Wednesday, August 22, 2012

The Geek Is On

Yesterday I stopped at Barnes & Noble to get something new to read.


I realize that it’s not the 1960’s, but I’m cheap and budget conscious. I’m not buying a Nook or Kindle or any tablet yet. I like my hard copies.

I went in knowing exactly what I wanted and, gasp! Everything was in alphabetical order by author. You don’t know how rare that really is at Barnes & Noble. Trust me. Sometimes it’s like a scavenger hunt without any clues.

Since I now had 20 minutes to kill by not having to play the game with them, I decided to peruse the other books in photography and current media.

I was hoping to find some new cinema theory books. It’s a long shot at a book store, I know.

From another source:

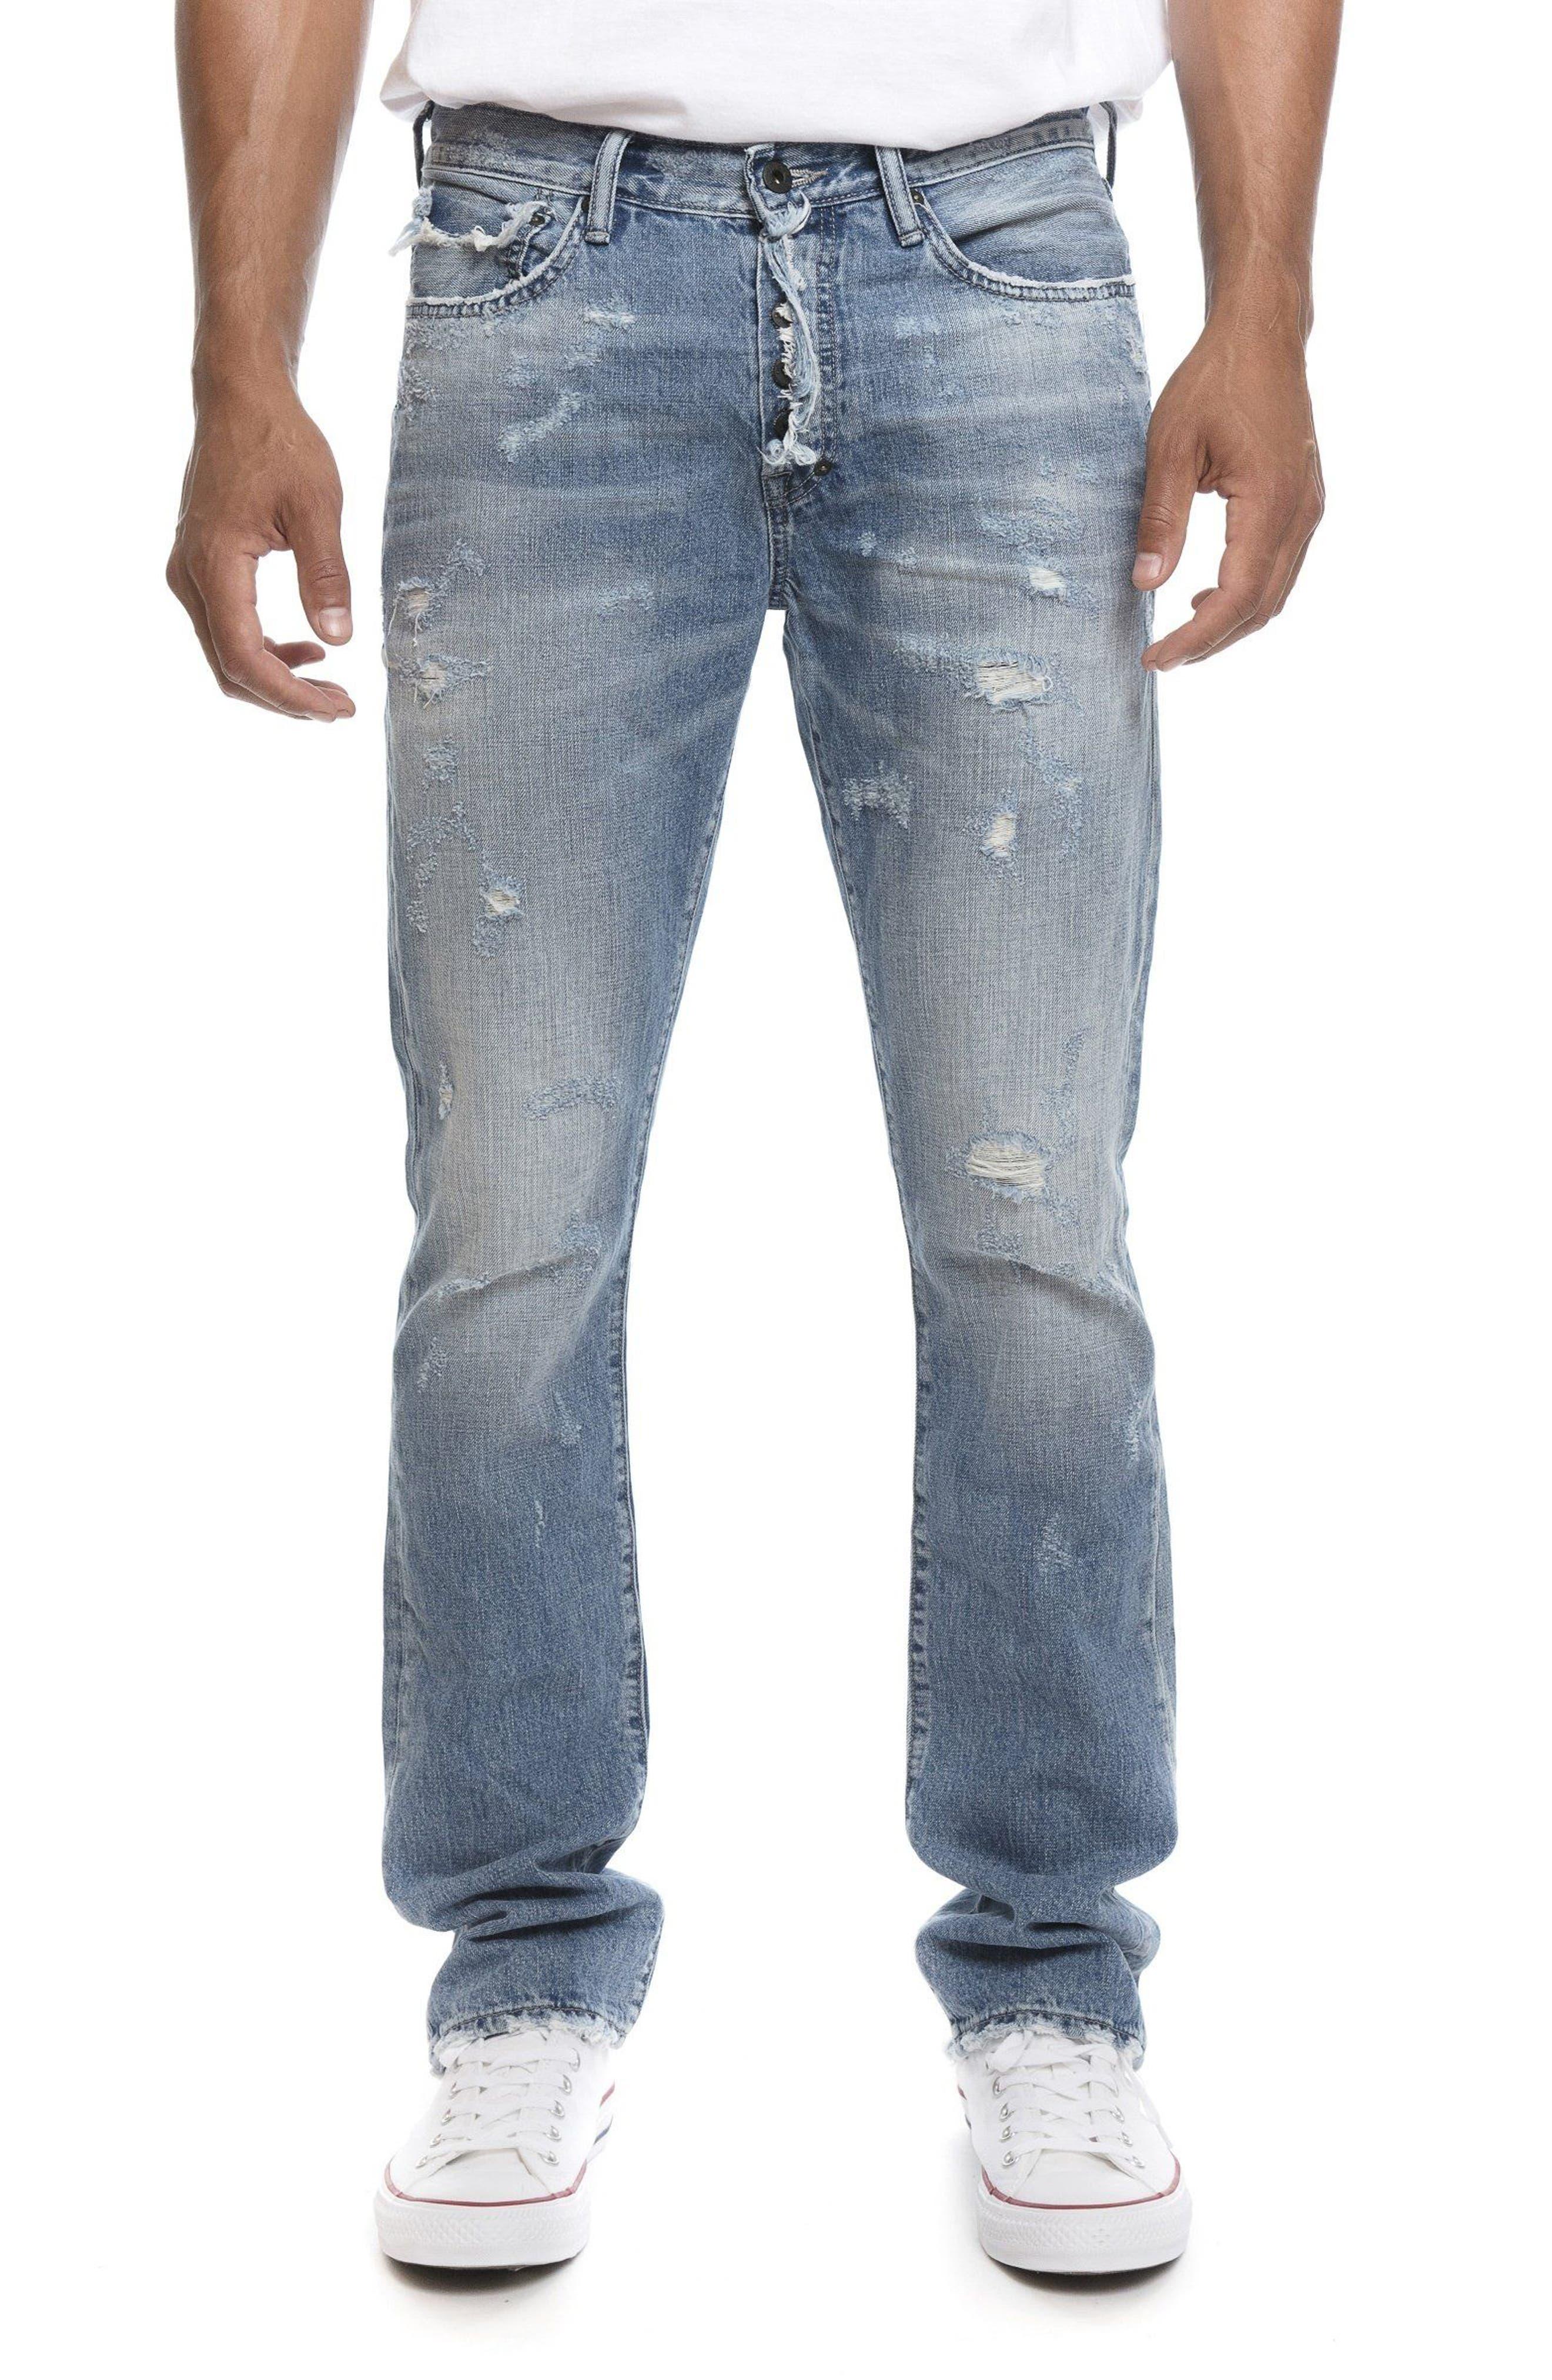 Demon Slim Straight Leg Jeans,                             Main thumbnail 1, color,                             454

But sometimes you get lucky over the other 99% of the time you don’t. As I was browsing, something caught my eye. A paperback in a purple cover with fake ink stains and large black rimmed glasses. Geek Girls Unite.
What the hell is this? Of course I was curious and had to pick it up. As I always do, I flip to the first page before anything else.

What do Amy Poehler, Bjork, Felicia Day, Martha Stewart, Miranda July, and Zooey Deschanel have in common? They’re just a few of the amazing women proving that “geek” is no longer a four-letter word.

Uhoh. We’re going downhill already. They mentioned Day and Martha Stewart in one sentence. Wait. Stewart is a geek? Culinary home geek? Is that even an option?
That logo is way too cute to be geeky.

I flipped to the front cover. The tagline reads like the book is about ‘how fangirls are taking over the world’. In fact, those words are included. When you get inside however, it becomes more like a companion guide to the geek world. This is what Star Wars is. This is who Joss Wheaton is. This is why you’re a goth geek.

Some of it was mildly amusing. The definition for their cinema geek girl hit me spot on. I’m so pasty white because I’m into French new wave existentialism. Suck it!

As a whole, however, I felt a bit belittled. Not just geek girls (women! Can we start calling us women please?) but geeks in general are whittled down to a few words and still being placed in the “special losers” corner.

I pulled up a few more books from the author Leslie Simon, and apparently this is her niché. She’s written these comprehensive guides on music genres, as if to explain it to the non-Emo, non-Indie crowd that ‘there are these people, and they exist, and they fall into these sub-categories.’ Harsh. That’s a wonderful open invitation to laugh at them.

There is some truth in humor, but a lot of this felt silly. Not all people that are into Emo and Indie music act and dress like those stereotypes. I like some Emo music and I love Indie. I don’t fit those molds at all. One look at me and you’d think I were into classical music or something. I actually rock out to Led Zepplin thank you very much.

I sh*t you not.
This is a real book. Sad, right?
Seeing this book about geek girls has made it official. We’ve become a fad. Just look at the selection available.
I know a number of those are fiction books directed at teens, but what kind of messages are they sending out? I don’t really know. I haven’t read them nor do I want to nor do I have the time. I just hope that it’s positive, being yourself is cool, and all that. But what better proof of what’s trending now then to write books geared towards teenagers. I smell a vampire repeat!

I don’t know what to do with this. If this were a legit academic book about the development of the female geek culture, current issues, and interviews, I would be much more open to it. (I smell a kickstarter project. MINE!) But this is going for capitalization on a growing trend. I know it happens to a lot of fads, hobbies, and cultures (before people start prepping their pitchforks) but there’s nothing out there currently to balance things out. We’re only seeing one side: the fad/trend/commercialization. Where’s the other?